But if the answer is yes meaning you are willing to take the risk. I used the word “risk” very loosely but if you are willing to take that on, you have two real viable options on how to approach it. At least the two that I know of and the two they are the same to that have worked for me.

I mean you can either can go in the back door or try to sneak in or you can go on the front door to scream, Hey honey. I’m home.” so let’s discuss the back door first.  Okay?

It’s the old trusted assignment trait. All right.  There’s a loophole that many investors exploit. The Regan administration back in 1982 enacted the Garn–St. Germain Depository Institutions Act of which was to revitalize the housing industry by ensuring the availability of plenty of money to loan for the purpose of home purchases.  It’s probably very similar to something that’s going to happen soon.  It’s just my guess.

And within that Act, there’s a significant consumer benefit that included, it allowed anyone to place real estate in their won trust without triggering the “due on” sale clause.

Now depending on how pull you want to get, I’m not a real pull person but depending it’s not too difficult to see. I mean in my opinion it was a loophole created for the wealthy as wealth preservation and protection instrument.

The benefit it also allowed the transfer of property to heirs and family members freely without triggering the “due on” sale clause. I mean basically this change was so that the rich didn’t have to play by the same rules as the common folk.

Well enter the educated real estate investor armed with the land trust. Now if you don’t know what a land trust, it’s an agreement of which one party, the trustee, holds ownership of a piece of real estate or real property for the benefit of another party, the beneficiary.

Okay.  Paying attention? Are you seeing an opportunity in this land trust yet? You see a transfer of real estate using a land trust is an exempt per the Garn-St. Germain Act.  Get it?

Okay.  I’ll beak it down for you in three simple steps. Everybody likes step by step.  Okay.  You come across your real deal. Right?

You’ve got a property that meets your criteria and you got a seller that will meet your terms.  And your terms being that you want the property subject to the existing the financing.  Good to go. Everything is in place.

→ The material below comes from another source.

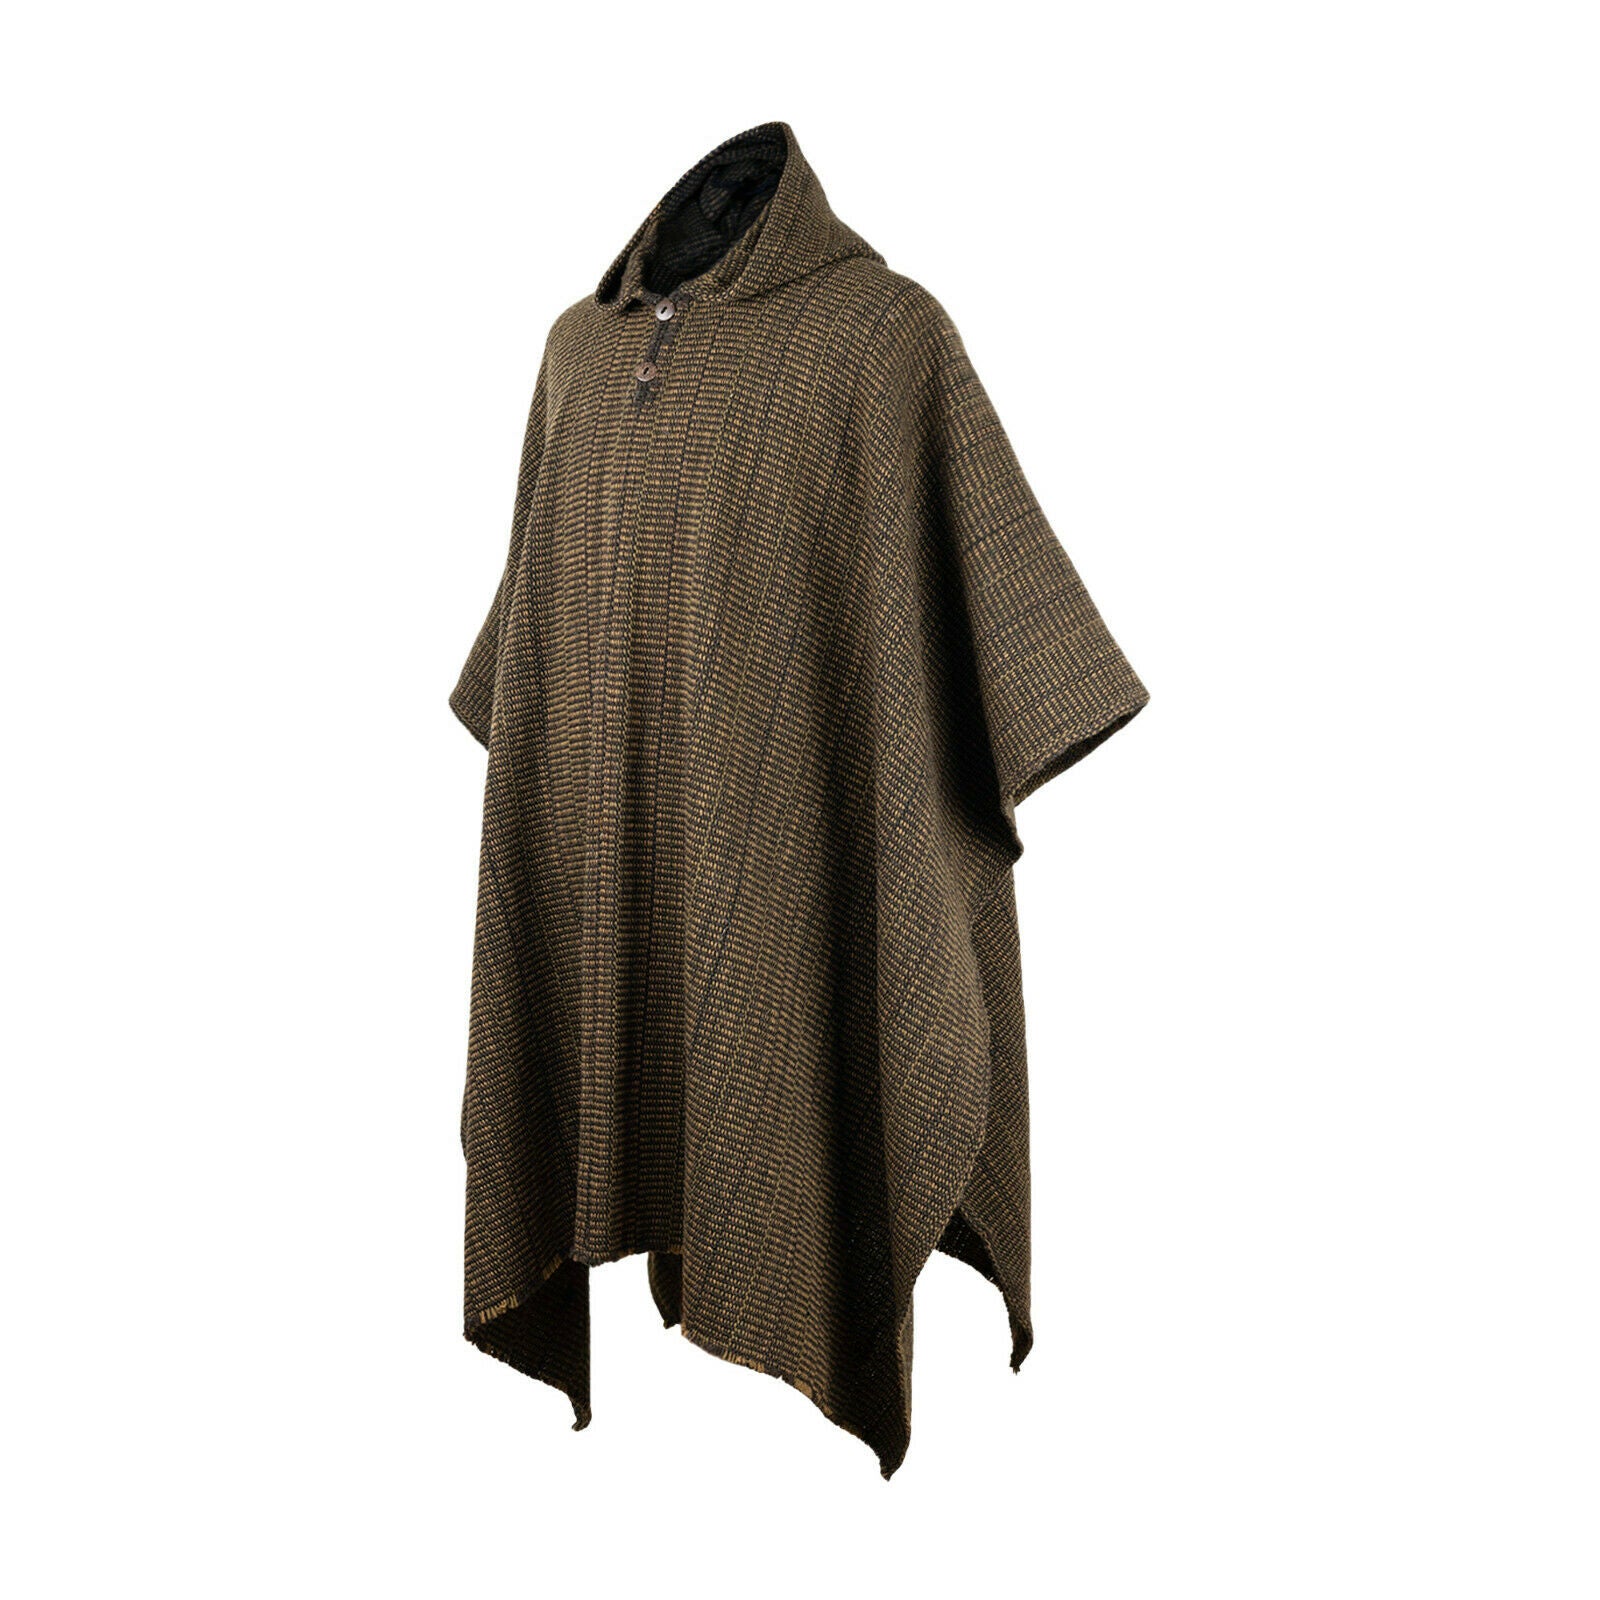 Zampu - Llama Wool Unisex South American Handwoven Thick Hooded Poncho - solid brown - coffee beans pattern

So step one, your motivated seller signs a land trust naming you as the trustee.  The seller is the beneficiary.  Following me?  Step two, your motivated seller transfers title to you, the trustee.  Thank you Garn-St. Germain Act.

As per this action, there is no violation of the “due on” sale clause.  The banks can’t do anything about it.  The transfer to a trust is exempt.  Excited yet?  I thought so.

Step three; the motivated seller quietly assigns their interest in the trust to you.  Quietly meaning they don’t record it publicly.  Very similar to transferring stock in a corporation.  So sense this assignment isn’t recorded.  There is no public record of it.

The motivated seller then moves up and goes on about their business and then you or your tenant get to move in.  Tada! See how simple that is.  You are now the beneficiary of the trust.  The beneficiary of the trust that owns the property.

Now the trustee also you, all there’s left to do is to make the existing loan payments and you lived happily ever after.  Right?  Well I wish it were that simple.  It’s not that cut and dry. I mean you must know that when the motivated seller assigned their interest on the trust.  That indeed triggered the “due on” sale clause.

But how about the lender ever knows?  It’s not recorded publicly not public information.  So how would the lender ever know? Okay?  Typically there are only three ways of which the lender will get wise to the transfer.

First, a change of the name on the deed will definitely let the lender know.  However the name on the deed is a trust, a trust of which if he did it right then it bares the motivated seller’s name.  So if Joe Smith was the name of your seller.  It would be the Joe smith of trust.  Okay?

Or you can do with the property address if it’s 123 Maine Street; you can be the 123 Maine Street Trust.  You see by naming the trust with something related to the property, it isn’t even going to raise an eyebrow, as it’s a very common estate practice.  It happens all the time.  It happens all the time everyday in non-subject to transactions. There’s nothing out of the ordinary here for the lender to even investigate.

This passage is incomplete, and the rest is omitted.